= Thirteen Ways of Looking at a Blackbird =

Poem by Wallace Stevens

"Thirteen Ways of Looking at a Blackbird" is a poem from Wallace Stevens's first book of poetry, Harmonium. The poem consists of thirteen short, separate sections, each of which mentions blackbirds in some way. Although inspired by haiku, none of the sections meets the traditional definition of haiku. It was first published in October 1917 by Alfred Kreymborg in Others: An Anthology of the New Verse and two months later in the December issue of Others: A Magazine of the New Verse.

== Analysis ==

The literary scholar Beverly Maeder writing for the Cambridge Companion to Wallace Stevens speaks of the importance the author placed upon linguistic structure in many of his poems. In this instance, Stevens is experimenting with the application of the verb 'to be' in its many forms and conjugations throughout the 13 cantos of the poem. As Maeder states, the poem "uses or even focuses on 'to be' in seven of its thirteen variations on the blackbird. The blackbird is pictured in a different situation and articulated in a different grammatical context in each fragment. The variations give us glimpses of winter landscapes (cantos I, VI, and XIII), but also of a geometrical world turned metaphysical when the blackbird 'mark(s) the edge / Of one of many circles', or of a train ride turned fairy tale in which a 'glass coach' becomes an equipage', among other situations."

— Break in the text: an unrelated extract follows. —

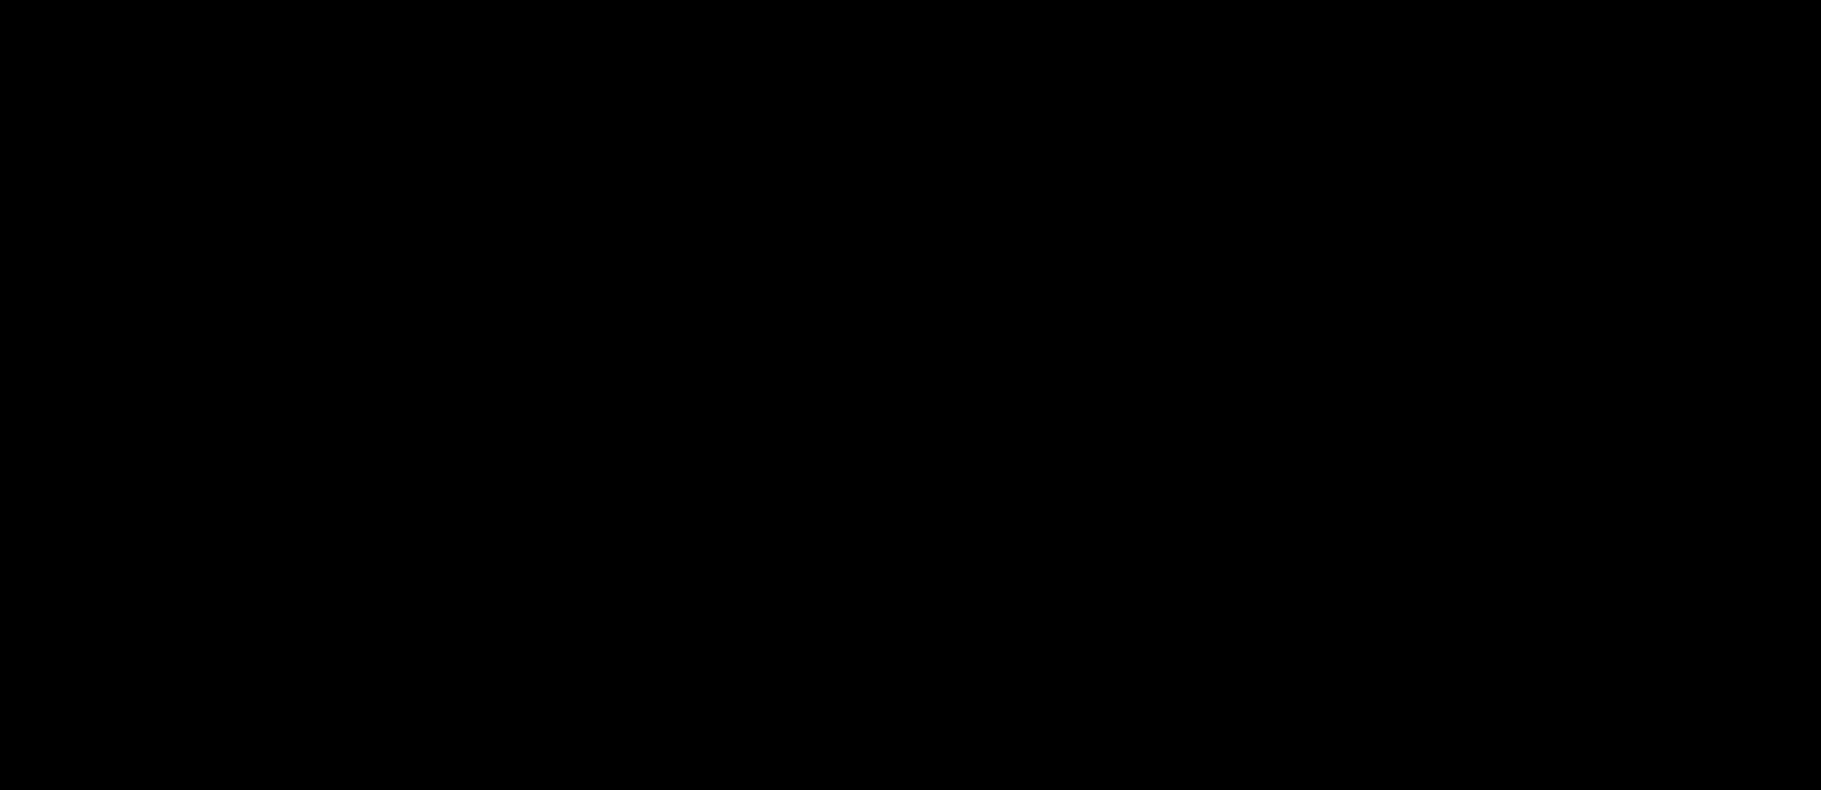 Albrecht_D%C3%BCrer_Monogramm
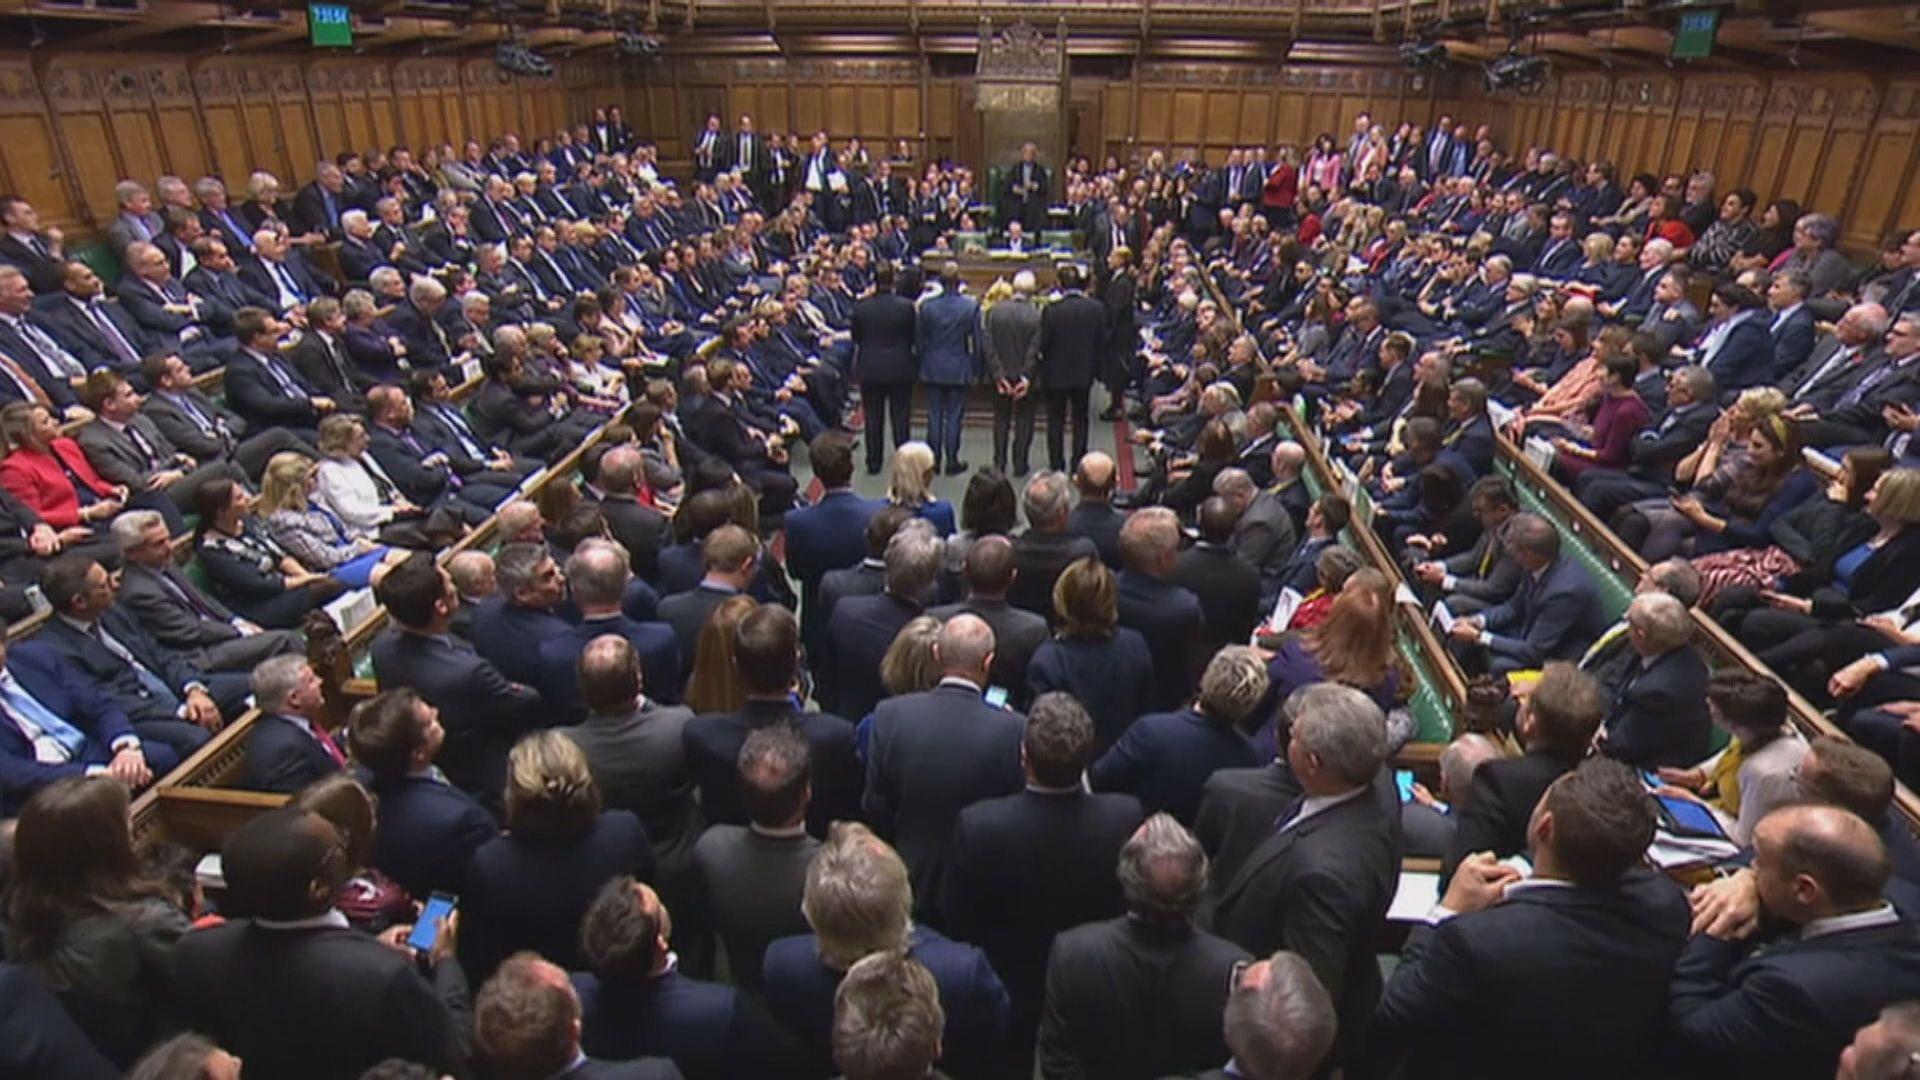 英國政府暫停脫歐立法工作

The poem's haiku-like austerity is striking. Affinities to imagism and cubism are evident. Buttel proposes that the title "alludes humorously to the Cubists' practice of incorporating into unity and stasis a number of possible views of the subject observed over a span of time".

Sight is the dominant perceptual modality. Perception shifts from the general landscape to the particular image of the blackbird, shifting both poetic and perceptual focus so that background & scenery becomes foreground. The concrete object takes both visual and metaphysical precedence. Some readers see some reason to classify it as among the metaphysical poems in Harmonium. But Stevens dismisses metaphysics in his 1948 essay "Imagination as Value", when he approvingly quotes Professor Joad's assertion that "all talk about God, whether pro or anti, is twaddle", and then Stevens adds, "What is true of one metaphysical term is true of all"
There are better grounds for classifying it as among the book's sensualist poems. "This group of poems is not meant to be a collection of epigrams or of ideas", Stevens remarks in one of his letters, "but of sensations".

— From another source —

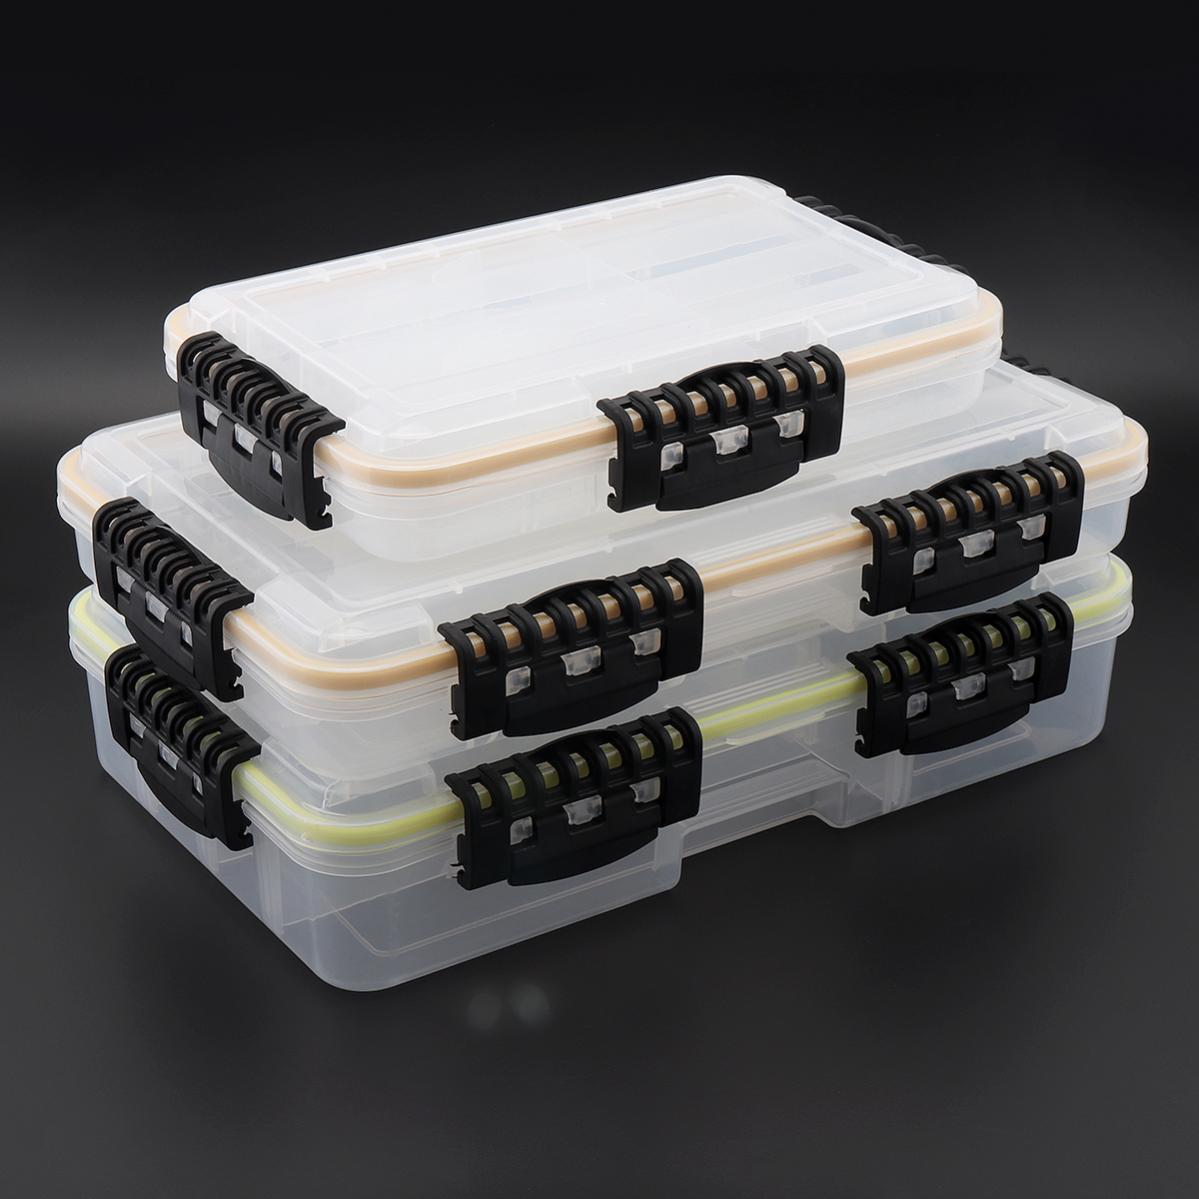 دائم سعة كبيرة مقاوم للماء صندوق معالجة الصيد خطاف الصيد إغراء وهمية الطعم اكسسوارات صندوق تخزين S متر L 3 حجم اختياري

Stevens, in his essay "Three Academic Pieces" (1947), begins by saying:
"The accuracy of accurate letters is an accuracy with respect to the structure of reality.
"Thus, if we desire to formulate an accurate theory of poetry, we find it necessary to examine the structure of reality, because reality is the central reference for poetry. By way of accomplishing this, suppose we examine one of the significant components of the structure of reality--that is to say, the resemblance between things."
Stevens' term "resemblance" refers to those relations of similarity and contrast, as he goes on to demonstrate in that essay. A more technical word for what he is referring to is "organic form." Stevens was cautious of the word "form" used to mean a prefabricated structure: "So it comes to this, I suppose, that I believe in freedom regardless of form".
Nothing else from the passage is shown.